### TASK GOAL
Write out a word-for-word repetition of the lines that come before the line containing "Alfabeto Da Galinha" in the listing below, along with that line itself, omitting pictures.

------ MATERIAL FOR THE TASK

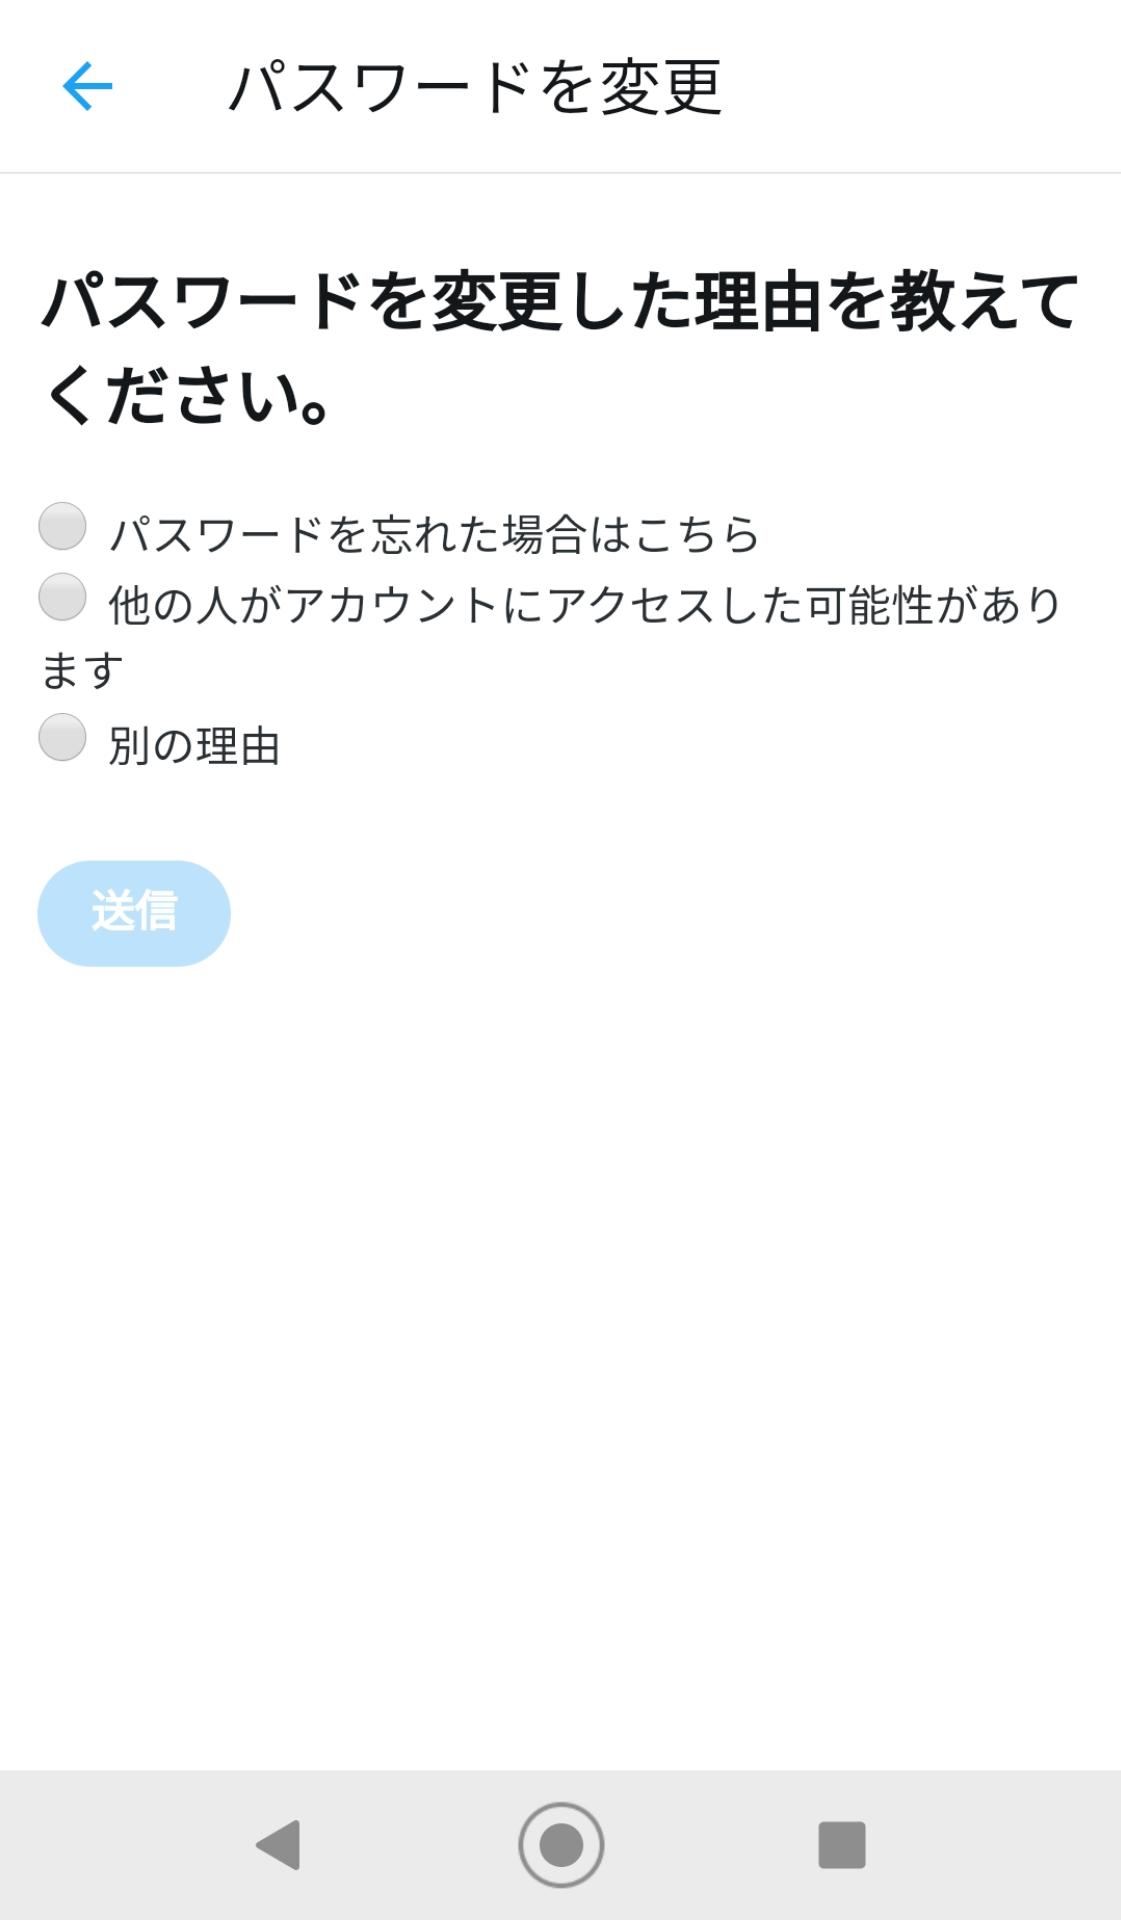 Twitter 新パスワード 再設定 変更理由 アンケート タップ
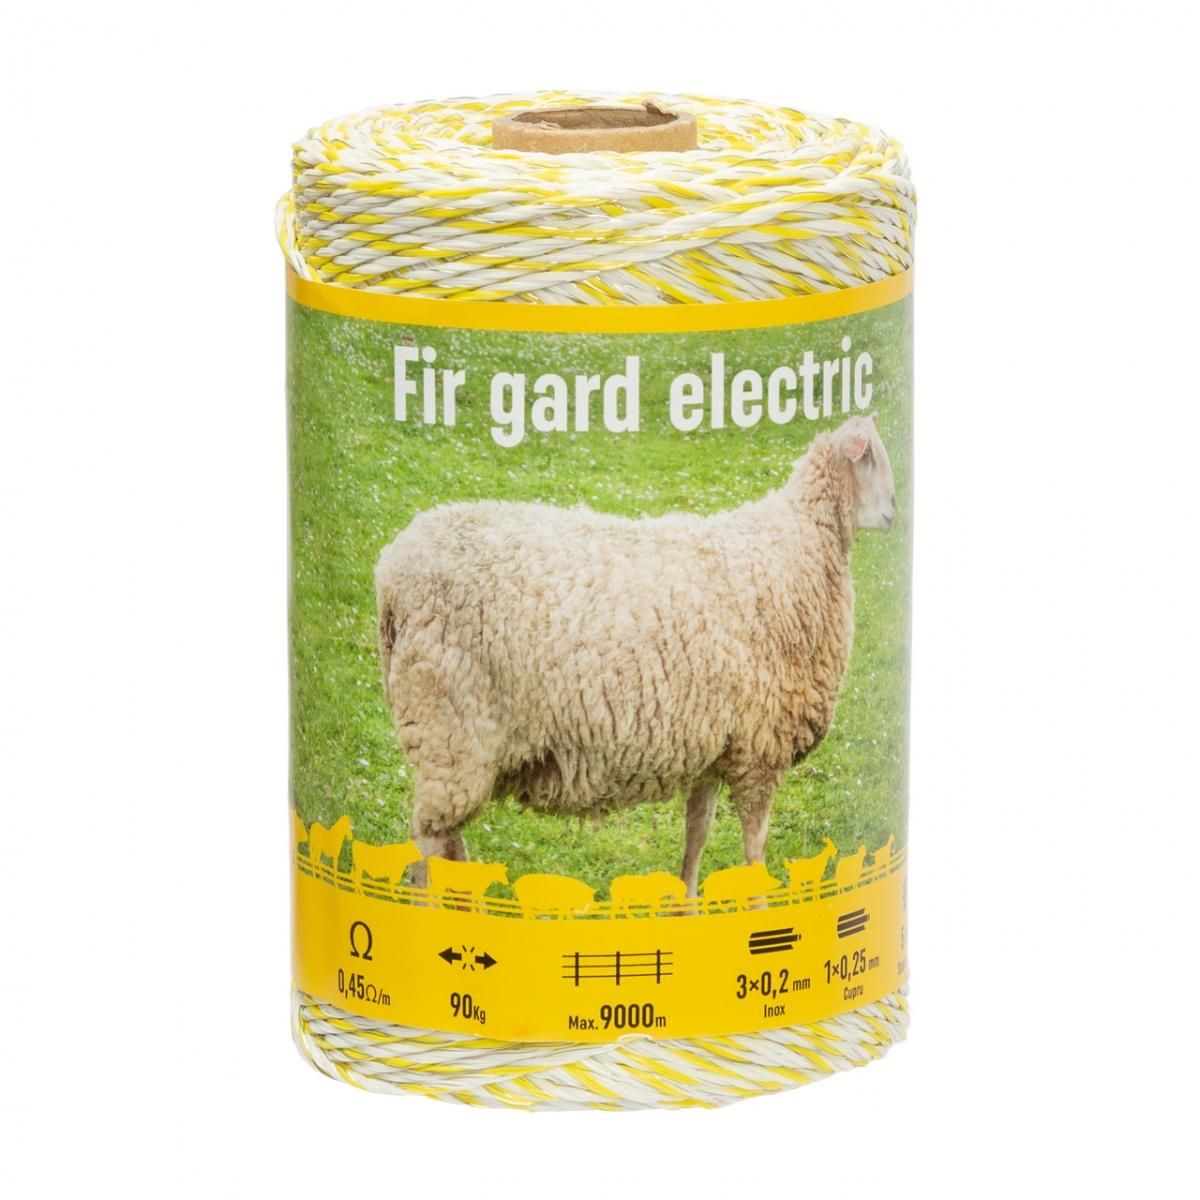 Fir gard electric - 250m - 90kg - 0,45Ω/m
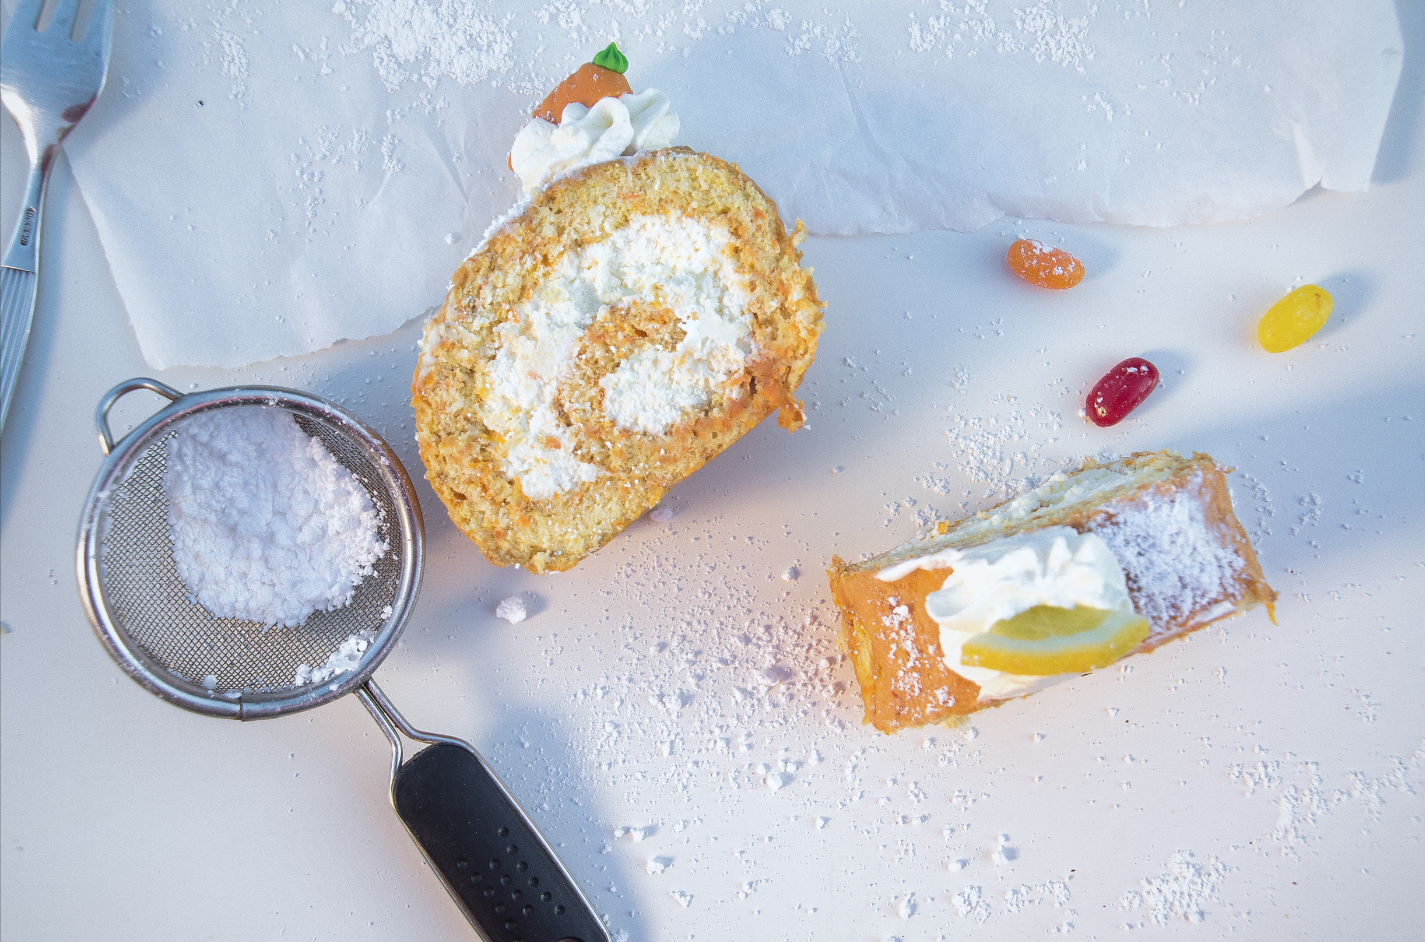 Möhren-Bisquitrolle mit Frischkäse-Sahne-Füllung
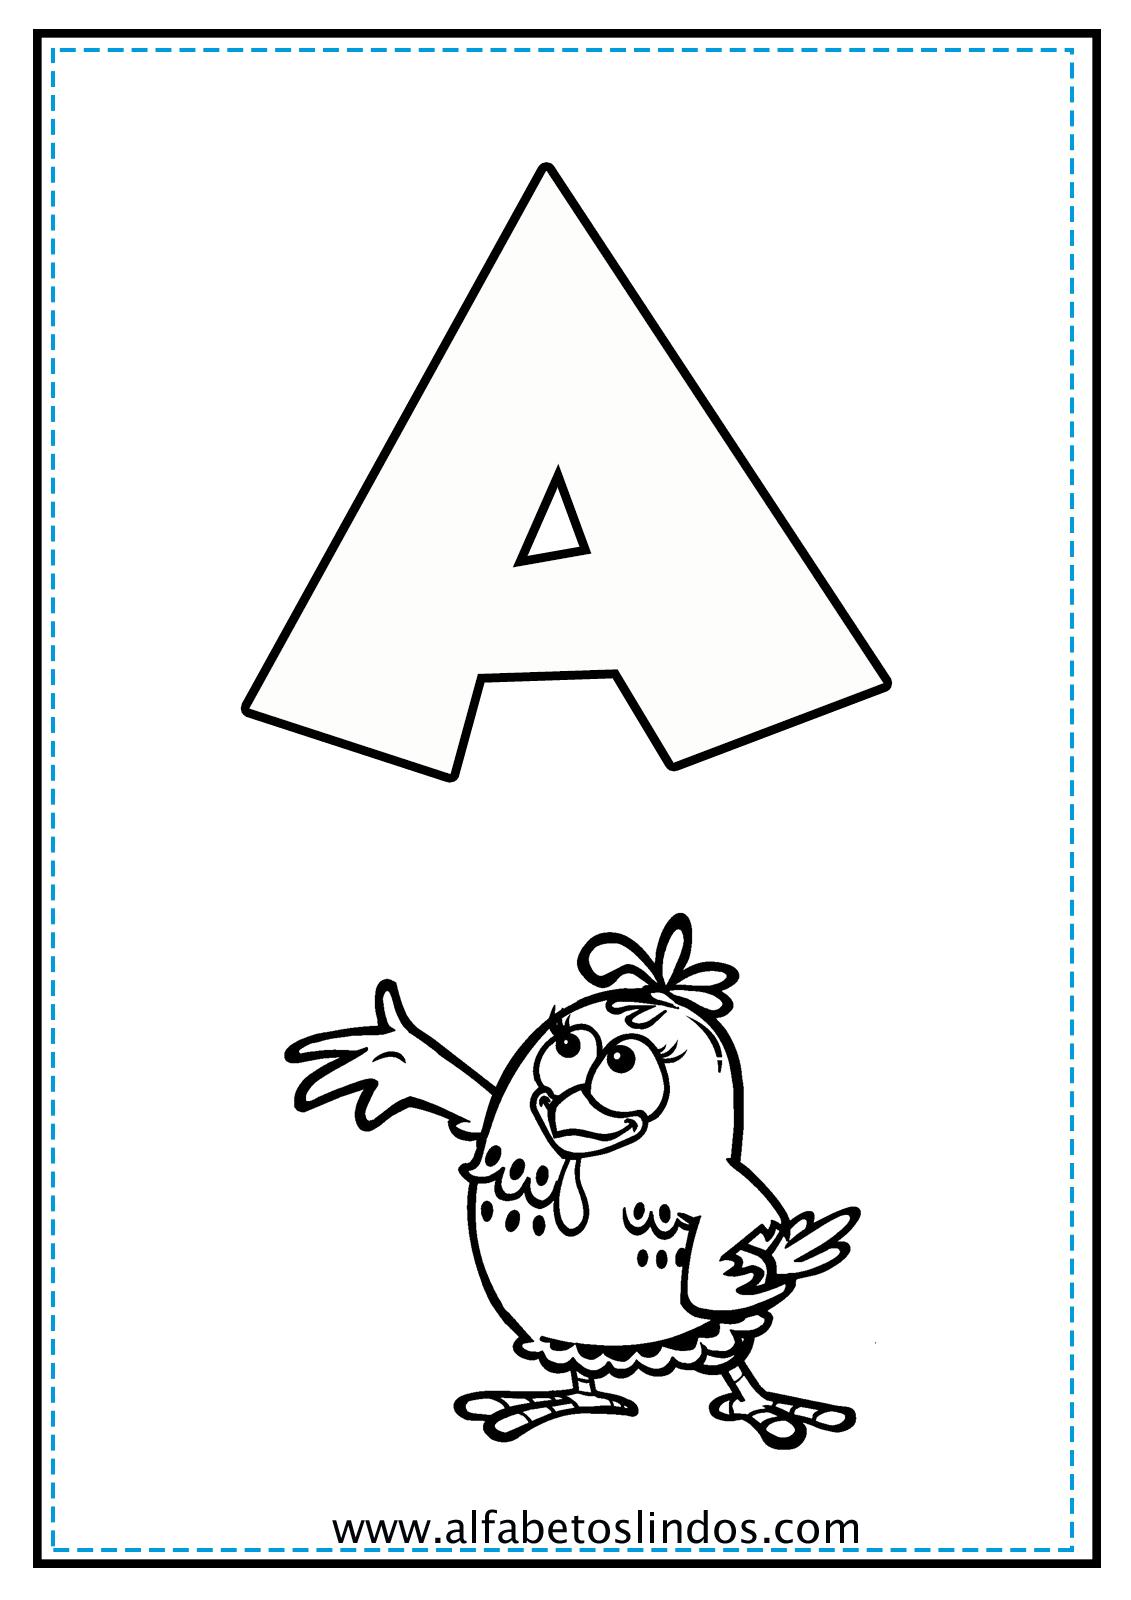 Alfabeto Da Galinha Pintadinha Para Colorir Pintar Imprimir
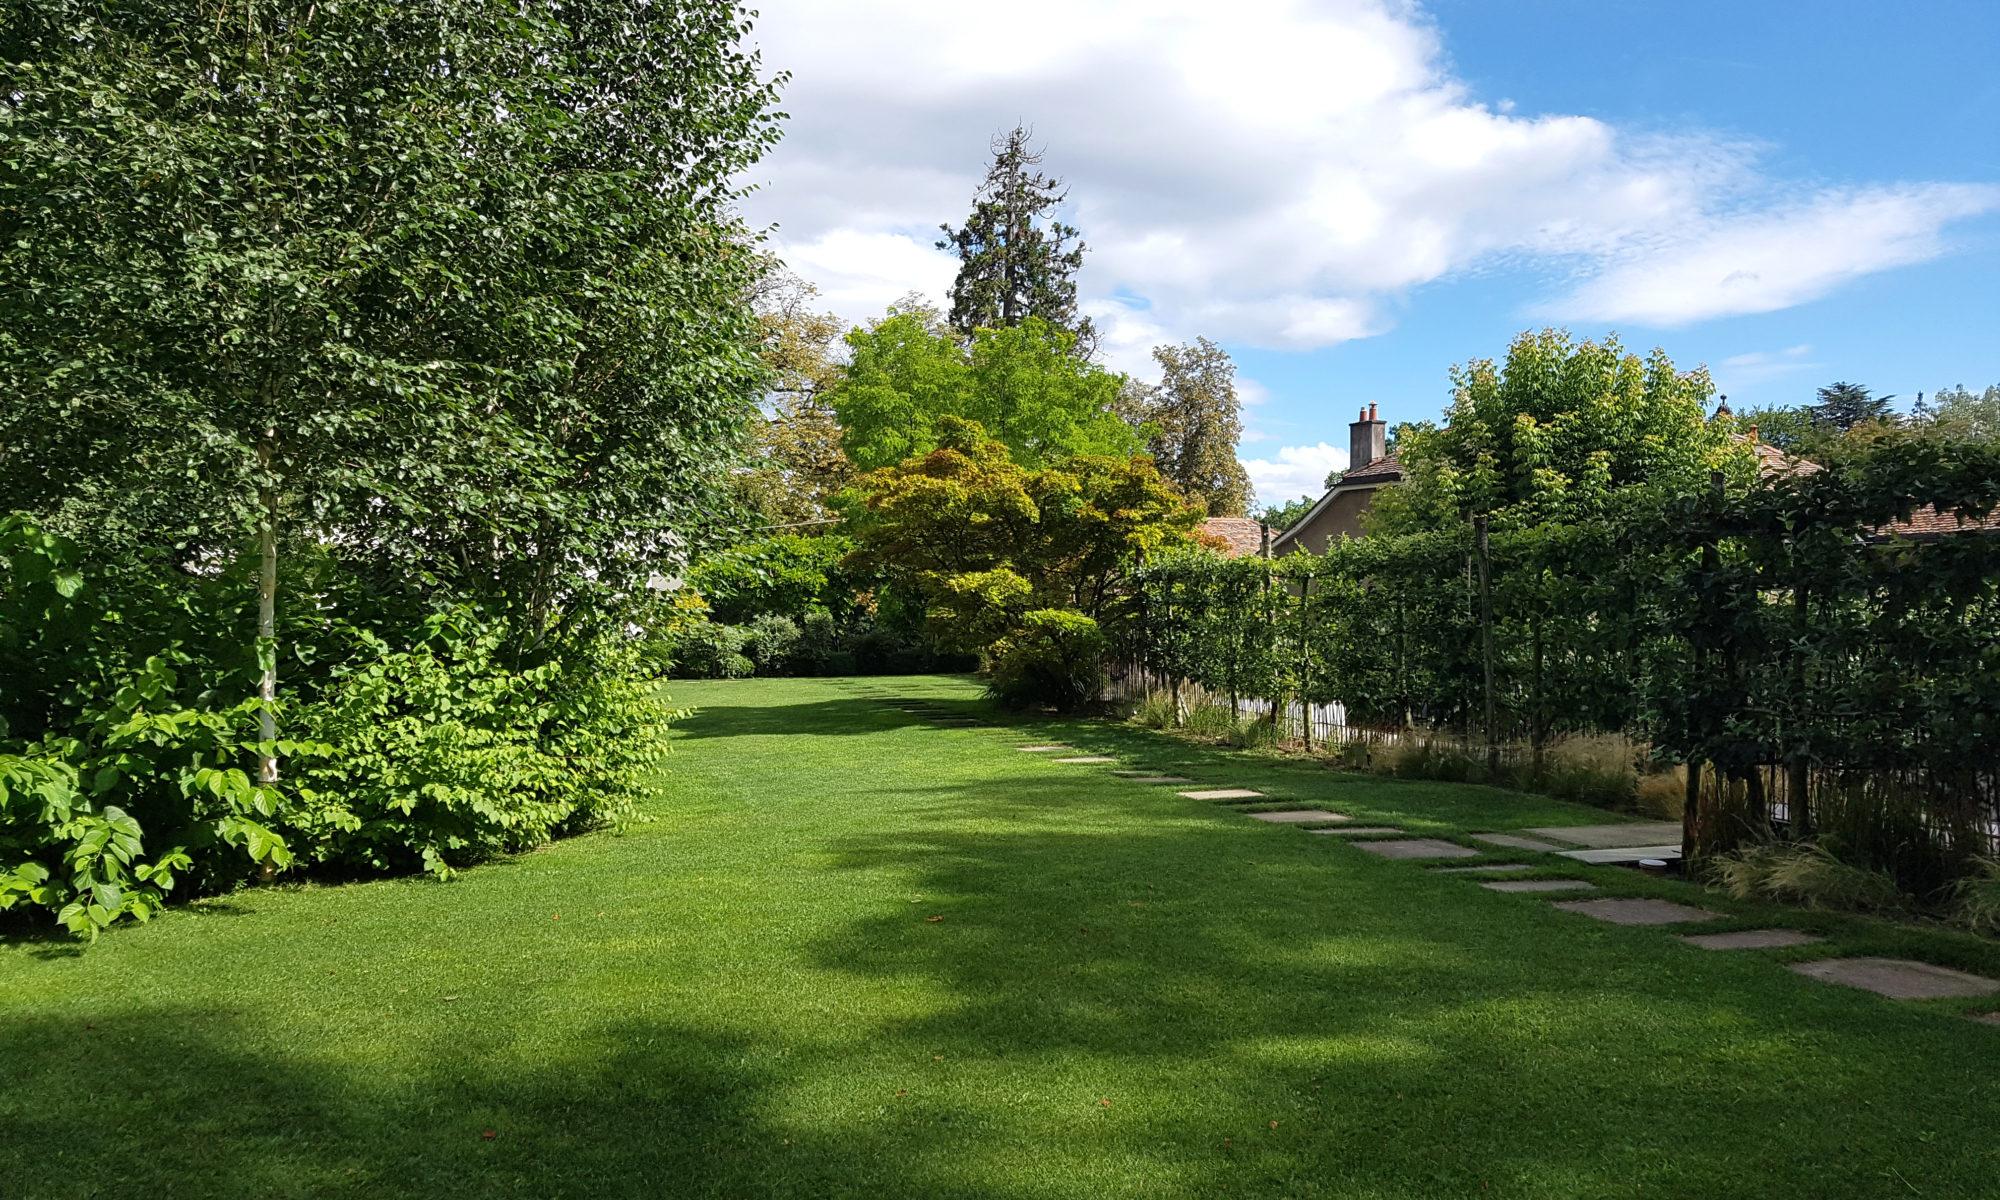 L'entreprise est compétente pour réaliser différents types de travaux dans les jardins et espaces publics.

------------

### SOLUTION TO THIS PROBLEM
 Twitter 新パスワード 再設定 変更理由 アンケート タップ
 Fir gard electric - 250m - 90kg - 0,45Ω/m
 Möhren-Bisquitrolle mit Frischkäse-Sahne-Füllung
 Alfabeto Da Galinha Pintadinha Para Colorir Pintar Imprimir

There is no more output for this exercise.